The program evaded security software and infected computers using the Windows operating system and Microsoft Word. On March 26, the Melissa program appeared on thousands of e-mail systems disguised as an important message from a colleague or friend. The program sent an infected e-mail to the first 50 e-mail addresses on the users’ Outlook address book. Each infected computer would infect 50 additional computers, which in turn would infect another 50 computers. The program spread rapidly and exponentially, causing considerable damage. Many companies had to disconnect from the Internet or shut down their e-mail gateways because of the vast amount of e-mail the program was generating. The program caused more than $400 million in damages.
q. Microsoft filed a lawsuit against two Texas firms that produced software that sent incessant pop-ups resembling system warnings. The messages stated “CRITICAL ERROR MESSAGE! REGISTRY DAMAGED AND CORRUPTED” and instructed users to visit a website to download Registry Cleaner XP at a cost of $39.95.
r. As many as 114,000 websites were tricked into running database commands that installed malicious HTML code redirecting victims to a malicious web server that tried to install software to remotely control the web visitors’ computers.
s. Zeus records log-in information when the user of the infected computer logs into a list of target websites, mostly banks and other financial institutions. The user’s data is sent to a remote server where it is used and sold by cyber criminals. The new version of Zeus will significantly increase fraud losses, given that 30% of Internet users bank online.
t. It took Facebook 15 hours to kill a Facebook application that infected millions of PCs with software that displays a constant stream of pop-up ads. The program posted a “Sexiest Video Ever” message on Facebook walls that looked like it came from a friend. Clicking the link led to a Facebook installation screen, where users allowed the software to access their profiles and walls. Once approved, the application told users to download an updated, free version of a popular Windows video player. Instead, it inserted a program that displayed pop-up ads and links. A week later a “Distracting Beach Babes” message did the same thing.

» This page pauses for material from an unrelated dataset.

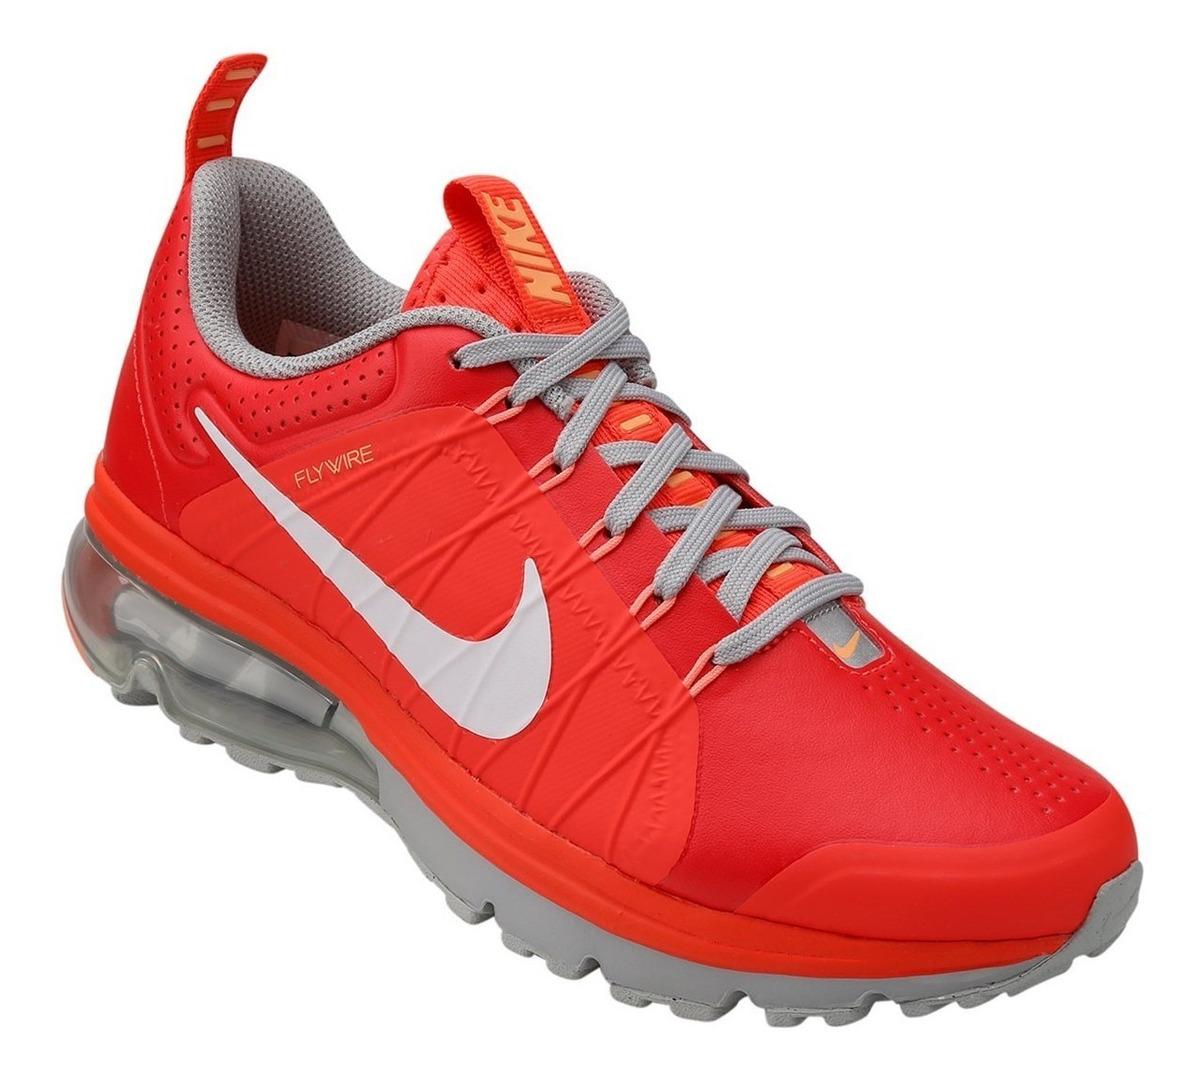 dirt cheap 100% high quality performance sportswear Tênis Nike Air Max Supreme 4 Vrm/lar Original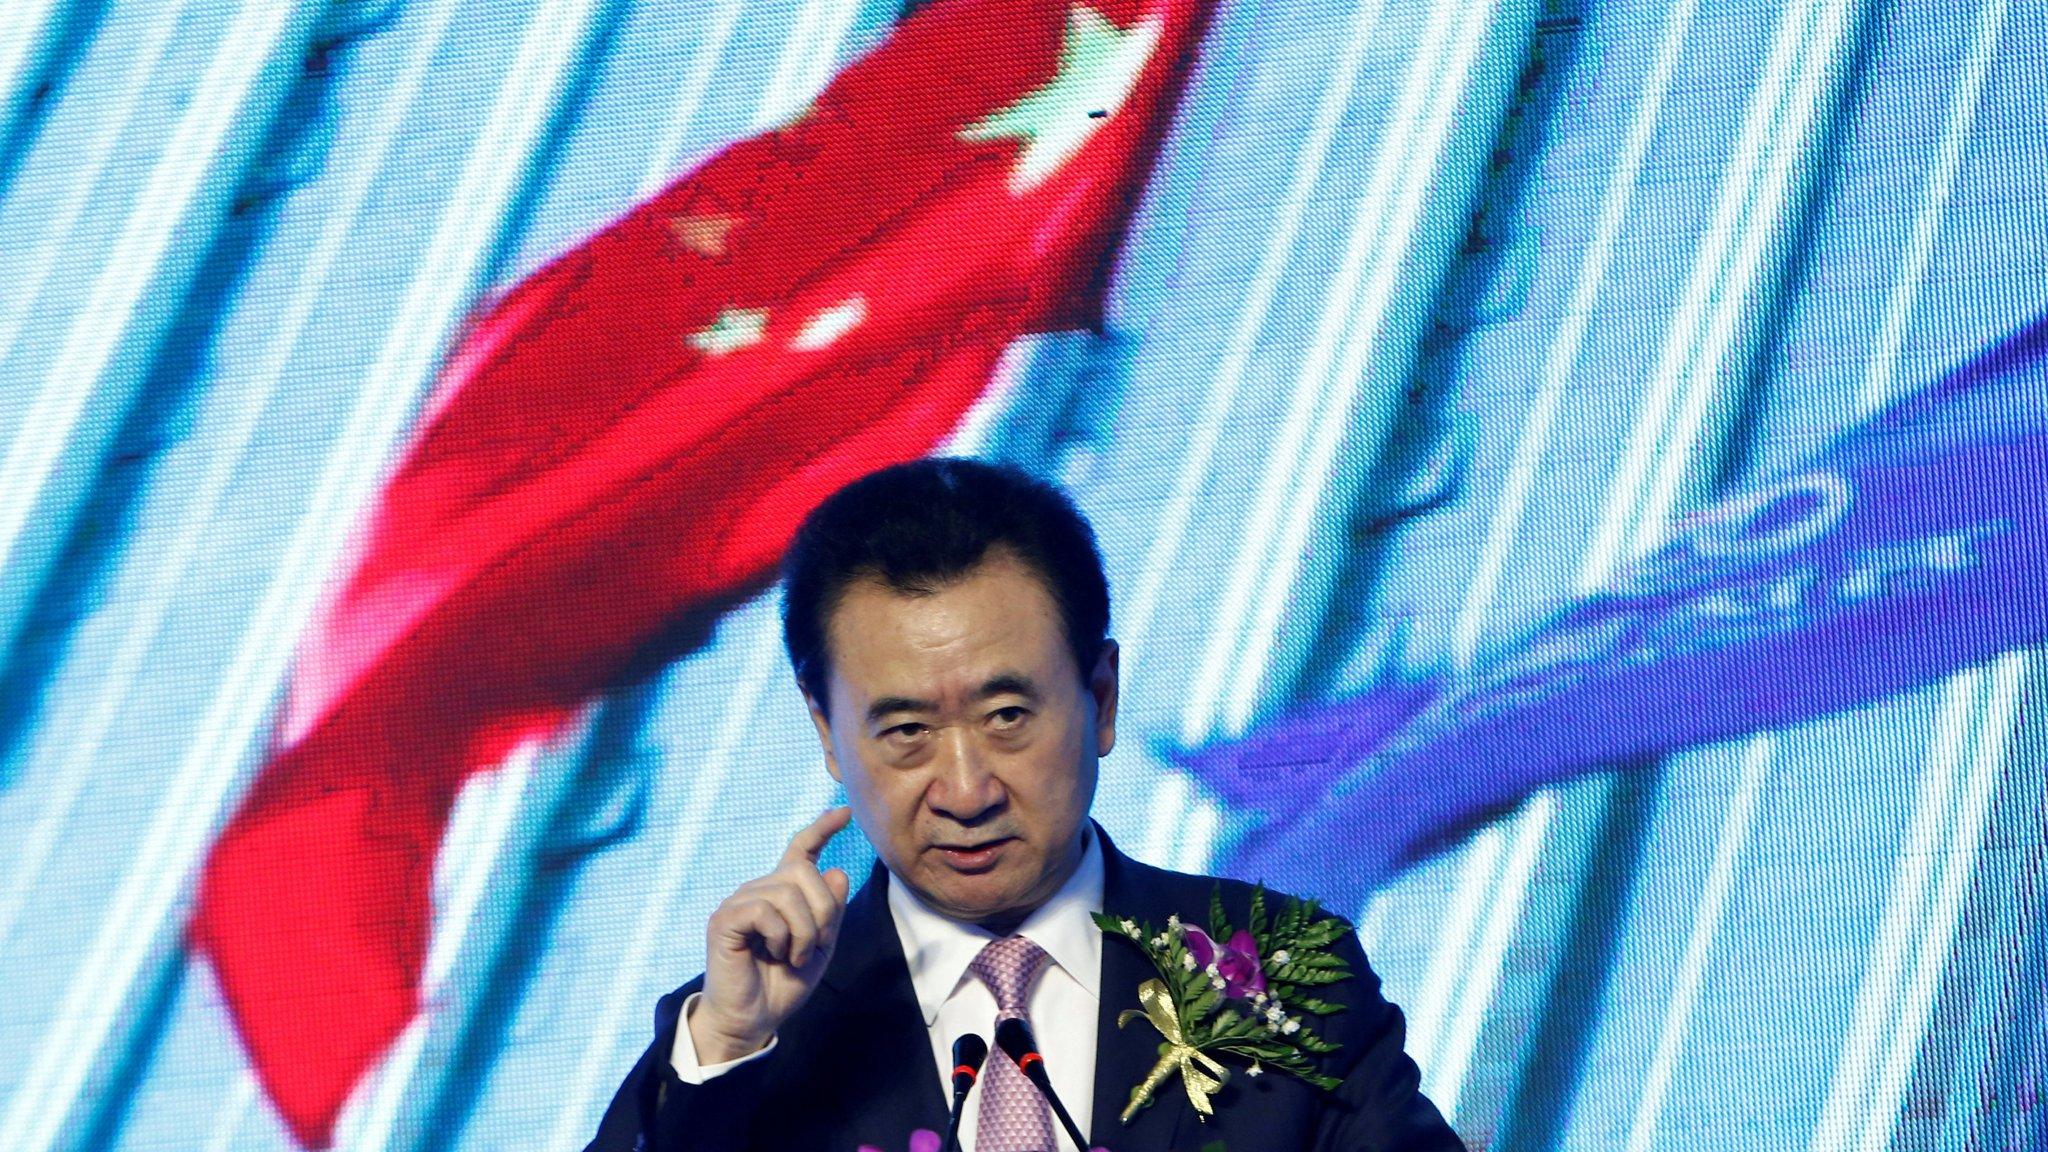 Dalian Wanda pledges to clear overseas debt as revenues drop

u. Robert Thousand, Jr. discovered he lost $400,000 from his Ameritrade retirement account shortly after he began receiving a flood of phone calls with a 30-second recording for a sex hotline. An FBI investigation revealed that the perpetrator obtained his Ameritrade account information, called Ameritrade to change his phone number, created several VoIP accounts, and used automated dialing tools to flood the dentist’s phones in case Ameritrade called his real number. The perpetrator requested multiple monetary transfers, but Ameritrade would not process them until they reached Thousand to verify them. When the transfers did not go through, the attacker called Ameritrade, gave information to verify that he was Thousand, claimed he had been having phone troubles, and told Ameritrade he was not happy that the transfers had not gone through. Ameritrade processed the transfers, and Thousand lost $400,000.
v. The Internet Crime Complaint Center reports a “hit man” scam. The scammer claims that he has been ordered to assassinate the victim and an associate has been ordered to kill a family member. The only way to prevent the killings is to send $800 so an Islamic expatriate can leave the United States.
w. In an economic stimulus scam, individuals receive a phone call from President Obama telling them to go to a website to apply for the funds. To receive the stimulus money, victims have to enter personal identification information, complete an online application, and pay a $28 fee.